# WORK INSTRUCTION:
Set down nothing but the lines from the one containing "download professional video" to the final line of the material, exactly as written, and drop the pictures.

# DATA SHOWN:
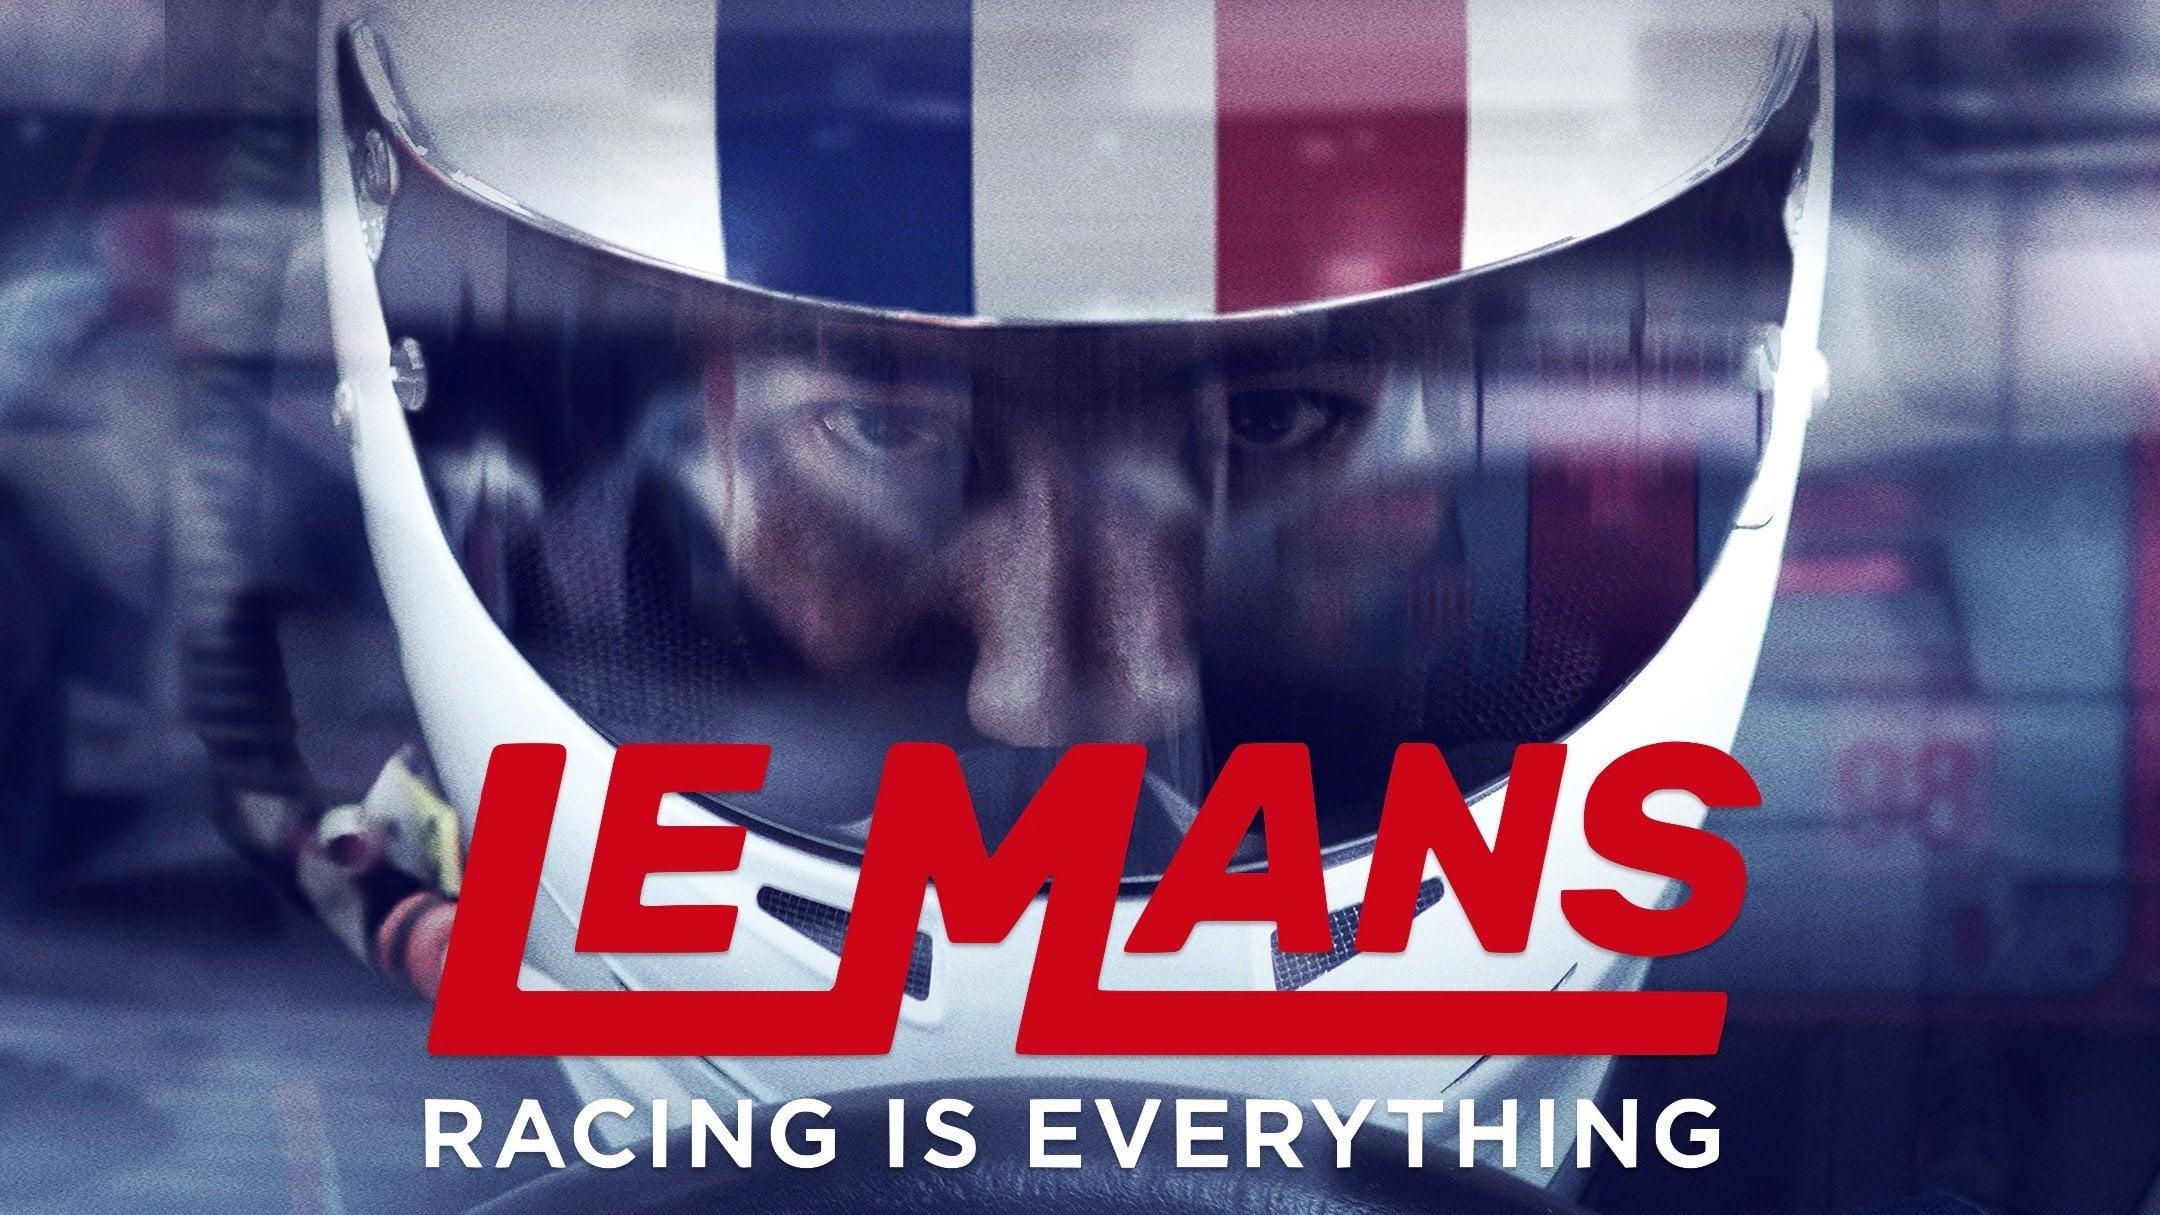 regarder le mans racing is everything pisode complet en ligne gratuit voirgratuit. Black Bedroom Furniture Sets. Home Design Ideas
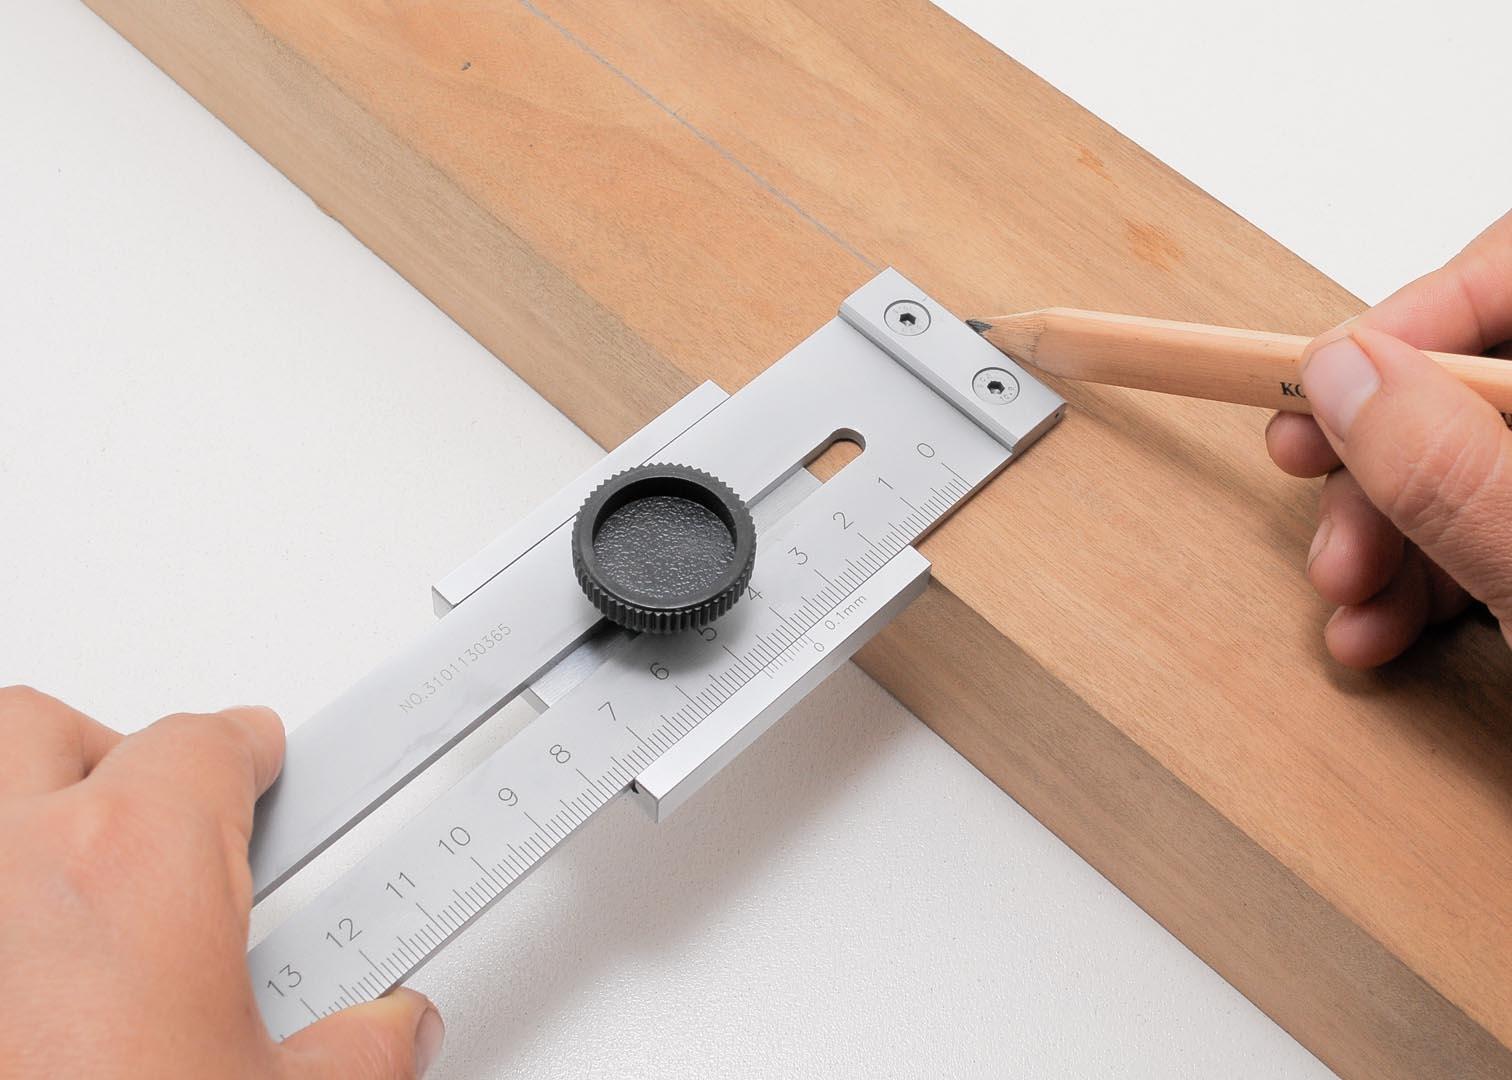 7120-200A-Gramil regla de precision para marcar 0-200mm INSIZE 7120-200A-max-8.
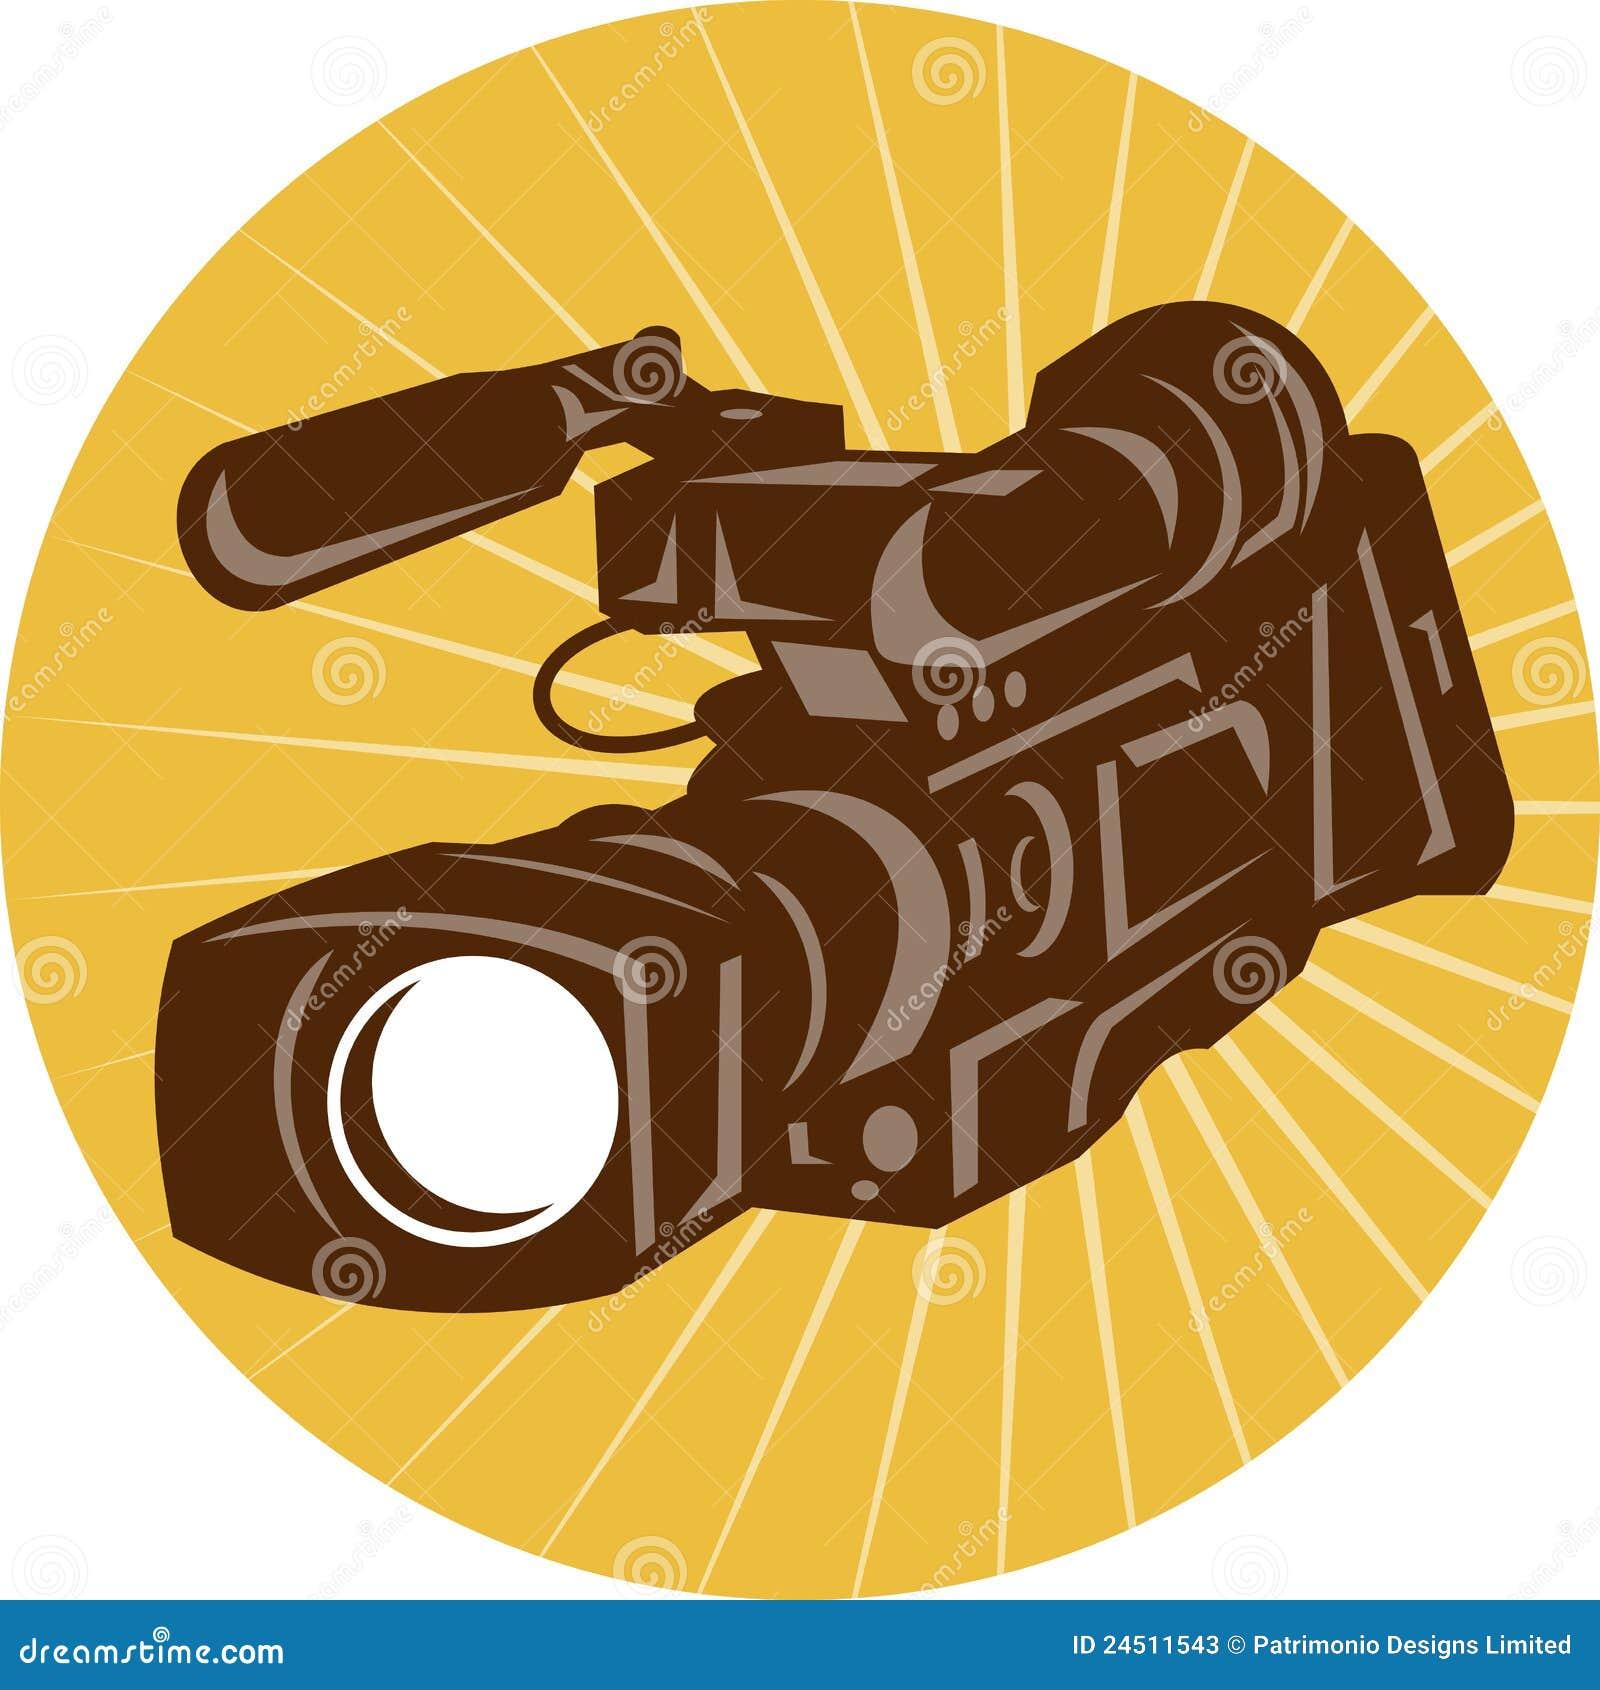 download professional video camera camcorder retro stock vector illustration of movie circle 24511543
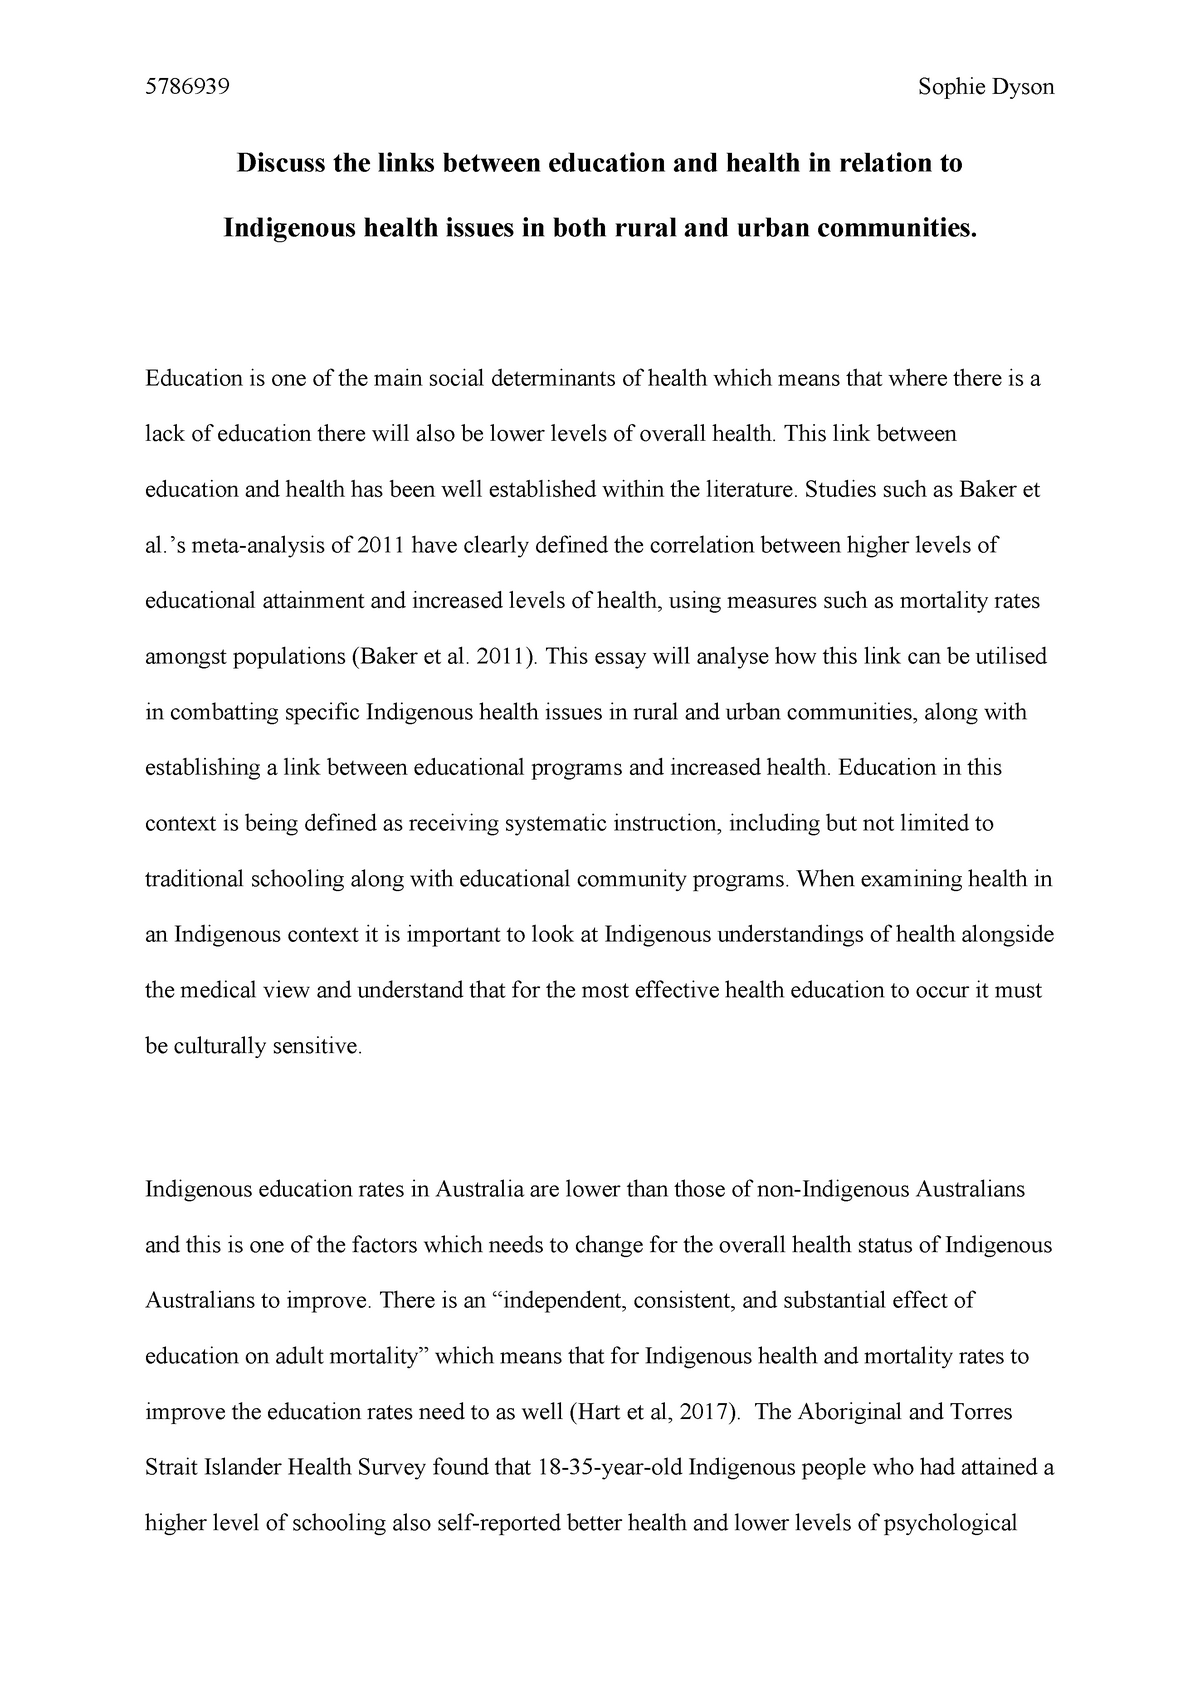 major essay on education and health   nmih comparative  major essay on education and health   nmih comparative indigenous health  issues   studocu

# OUTPUT OF THE EXERCISE:
 download professional video camera camcorder retro stock vector illustration of movie circle 24511543
 major essay on education and health   nmih comparative  major essay on education and health   nmih comparative indigenous health  issues   studocu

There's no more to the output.